Does fluorescent marking facilitate the surgical removal of tumors?

Two-thirds of brain metastases give off fluorescence following administration of 5-aminolevulinic acid, which could potentially assist surgeons in identifying such tumors. However, fluorescence patterns are often heterogeneous or vague, which limits their practical benefits. These were the key findings of a major study performed by Karl Landsteiner University of Health Sciences in Krems (KL Krems) and headed by the Medical University of Vienna, published in the Journal of Neurosurgery. The study looked at 150 patients, making this the world’s most comprehensive research project of its kind to date. It has also delivered significant results, which will form a valuable basis for developing this potentially useful technique.

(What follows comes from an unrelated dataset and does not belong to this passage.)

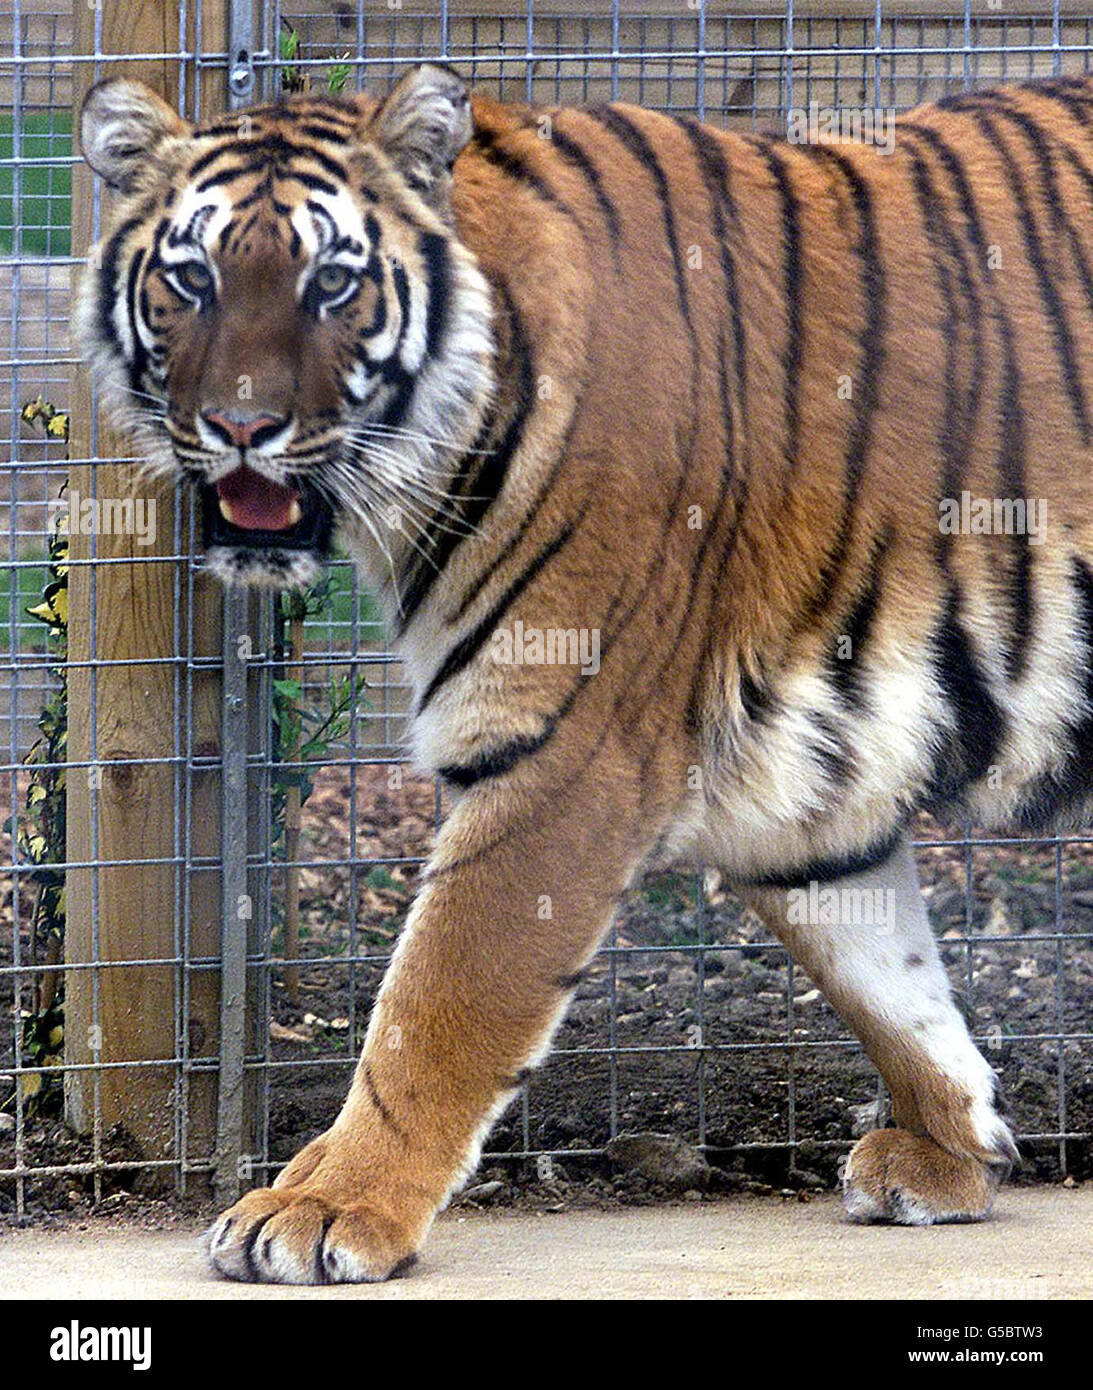 Amba The Bengal Tiger im Willersmill Wildlife Park in Shepreth, Cambridgeshire. Bewohner, die im hinteren Teil des Parks leben, sagen, dass sie besorgt sind, wenn der Tiger, der 1,5m lang und fast 1,5m groß ist, entkommt. * Park-Besitzer Jake Willers sagte, die zweieinhalb Jahre alte weibliche Tiger würde nicht in der Lage sein, die speziell gebauten Gehäuse zu entkommen. Stockfoto

Brain metastases are the most common type of tumor that affects the brain, occurring in 20 to 40% of all systemic cancers. They are often removed surgically, which is an important treatment option aside from radiotherapy,gamma knife radiosurgery or chemotherapy. In most cases, they can be effectively removed, as metastases can often be clearly distinguished from the surrounding tissue. However, recent research found that residual tumors remain after around 20% of surgical resections. Performing an operation after administering 5-aminolevulinic acid (5-ALA) could enable surgeons to pinpoint these hard-to-visualize parts of tumors during surgery. Particularly in tumor cells, 5-ALA creates easily recognizable fluorescence, which in turn simplifies identification of residual tumors. This already is an established method of treating primary brain tumors, but so far there has been no systematic investigation of its use in connection with brain metastases. This was what the team from KL Krems and MedUni Vienna set out to achieve in the largest study of its kind to be performed anywhere in the world—and their findings were sobering.

Marking metastases

“We demonstrated visible fluorescence in two-thirds of all metastases following preoperative administration of 5-ALA,” explained Dr. Franz Marhold (Department of Neurosurgery, University Hospital St. Pölten, KL Krems ), lead author of the study, which was published in the Journal of Neurosurgery. “But this fluorescence was often vague and heterogeneously distributed, which unfortunately means its practical applicability is limited.” The researchers examined a total of 157 brain metastases in 154 patients. 5-ALA fluorescence was identified in 104 metastases,and 53 demonstrated no fluorescence. However, in over 80% of cases,fluorescence was so heterogeneous that it provided little support to the surgeons performing the resection.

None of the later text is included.